Пошли в соседнюю комнату, там, на большом, красиво убранном столе, кипел серебряный самовар, у рояля, в углу, стояла Дуняша, перелистывая ноты, на спине ее висели концы мехового боа, и Самгин снова подумал о ее сходстве с лисой.

– Спой «Сад», пока свиньи не пришли, – попросила Алина. Дуняша, не оглядываясь, сказала:

– Знаем, чем тебя подкупить.

Наполнив комнату тихим звоном струн, она густым и мягким голосом запела:

 
Уж ты сад ли, мой сад,
Эх, сад зелененький, –
Да – отчего же ты, мой сад,
Осыпаешься?
 

Музыка вообще не очень восхищала Клима, а тут – песня была пошленькая, голос Дуняши – ненатурален, не женский, – голос зверушки, которая сытно поела и мурлычет, вспоминая вкус пищи.

 
Эх ты, молодость моя,
Золотые деньки…
 

Странно было и даже смешно, что после угрожающей песни знаменитого певца Алина может слушать эту жалкую песенку так задумчиво, с таким светлым и грустным лицом. Тихонько, на цыпочках, явился Лютов, сел рядом и зашептал в ухо Самгина:

– Простая хористка, – какова, а? Голосок-то! За всех поет! Мы с Алиной дали ей средства учиться на большую певицу. Профессор – изумлен.

Самгин уже готов был признать, что Дуняша поет искусно, от ее голоса на душе становилось как-то особенно печально и хотелось говорить то самое, о чем он привык молчать. Но Дуняша, вдруг оборвав песню, ударила по клавишам и, взвизгнув по-цыгански, выкрикнула новым голосом:

 
Эх, Пашенька,
Да Парасковьюшка,
Счастливая Параня,
Талантливая!
 

– Угости чайком, хозяйка, – попросила она, подходя к столу.

– Высечь бы тебя, Дунька, – сказала Алина, вздохнув.

Пришел Макаров, в черном строгом костюме, стройный, седой, с нахмуренными бровями.

– Ба, Самгин! Как живешь? – скучно воскликнул он.

Вслед за ним явился толстый – и страховидный поэт с растрепанными и давно не мытыми волосами; узкобедрая девица в клетчатой шотландской юбке и красной кофточке, глубоко открывавшей грудь; синещекий, черноглазый адвокат-либерал, известный своей распутной жизнью, курчавый, точно баран, и носатый, как армянин; в полчаса набралось еще человек пять. Комната стала похожа на аквариум, в голубоватой мгле шумно плескались бесформенные люди, блестело и звенело стекло, из зеркала выглядывали странные лица. Лютов немедленно превратился в шута, запрыгал, завизжал, заговорил со всеми сразу; потом, собрав у рояля гостей и дергая пальцами свой кадык, гнусным голосом запел на мотив «Дубинушки», подражая интонации Шаляпина:

 
Друг мой, брат мой, усталый, страдающий брат,
Кто б ты ни был – не падай презренной душою!
Верь: воскреснет Ваал и пожрет идеал…
 

Он взвизгнул и засмеялся, вызвав общий хохот; не смеялись двое: Алина и Макаров, который, нахмурясь, шептал ей что-то, она утвердительно кивала головой.

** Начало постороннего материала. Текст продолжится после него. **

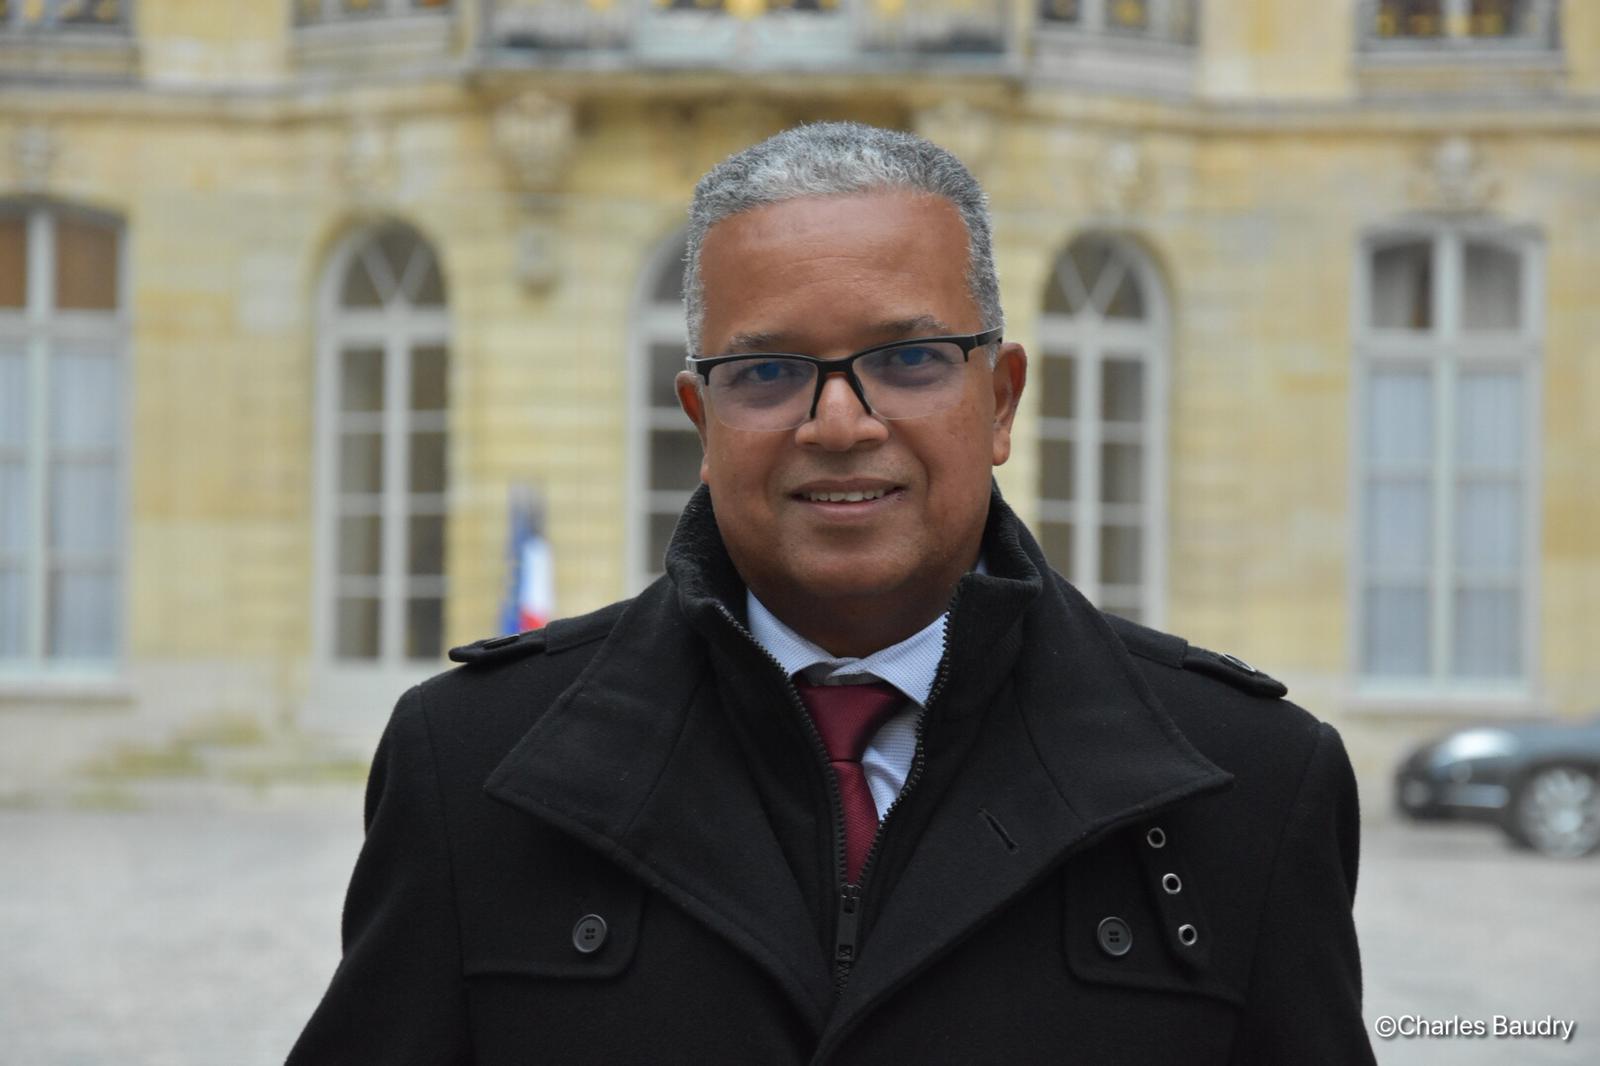 Financement du RSA à La Réunion : Le Premier ministre veut « prendre le temps de bien étudier le dossier » assure Cyrille Melchior

«Какая двусмысленная каналья», – думал Самгин, наблюдая Лютова.

Адвокат налил стакан вина, предложил выпить за конституцию, – Лютов закричал:

– С условием: не смотреть, что внутри игрушки!

Алина отказалась пить и, поманив за собой Дуняшу, вышла из комнаты; шла она, как ходила девушкой, – бережно и гордо несла красоту свою. Клим, глядя вслед ей, вздохнул.

Пили, должно быть, на старые дрожжи, все быстро опьянели. Самгин старался пить меньше, но тоже чувствовал себя охмелевшим. У рояля девица в клетчатой юбке ловко выколачивала бойкий мотивчик и пела по-французски; ей внушительно подпевал адвокат, взбивая свою шевелюру, кто-то хлопал ладонями, звенело стекло на столе, и все вещи в комнате, каждая своим голосом, откликались на судорожное веселье людей.

«Веселятся, потому что им страшно», – соображал Самгин, а рядом с ним сидела Дуняша со стаканом шампанского в руке.

– Очень обожаю вот эдаких, сухоньких, – говорила она.

Поэт, встряхнув склеившимися прядями волос, выгнув грудь и выкатив глаза, громко спросил:

 
Черная рубаха,
Кожаный ремень –
Кто это?
 

Посмотрел на всех и гаркнул:

 
Р-рабочий!
 

– Нет, уж это вы отложите на вчера, – протестующе заговорил адвокат. – Эти ваши рабочие устроили в Петербурге какой-то парламент да и здесь хотят того же. Если нам дорога конституция…

– Сорок три копейки за конституцию – кто больше? – крикнул Лютов, подбрасывая на ладони какие-то монеты; к нему подошла Алина и что-то сказала; отступив на шаг, Лютов развел руками, поклонился ей.

– Твоя власть. Твоя…

И, отступив еще на шаг, снова поклонился.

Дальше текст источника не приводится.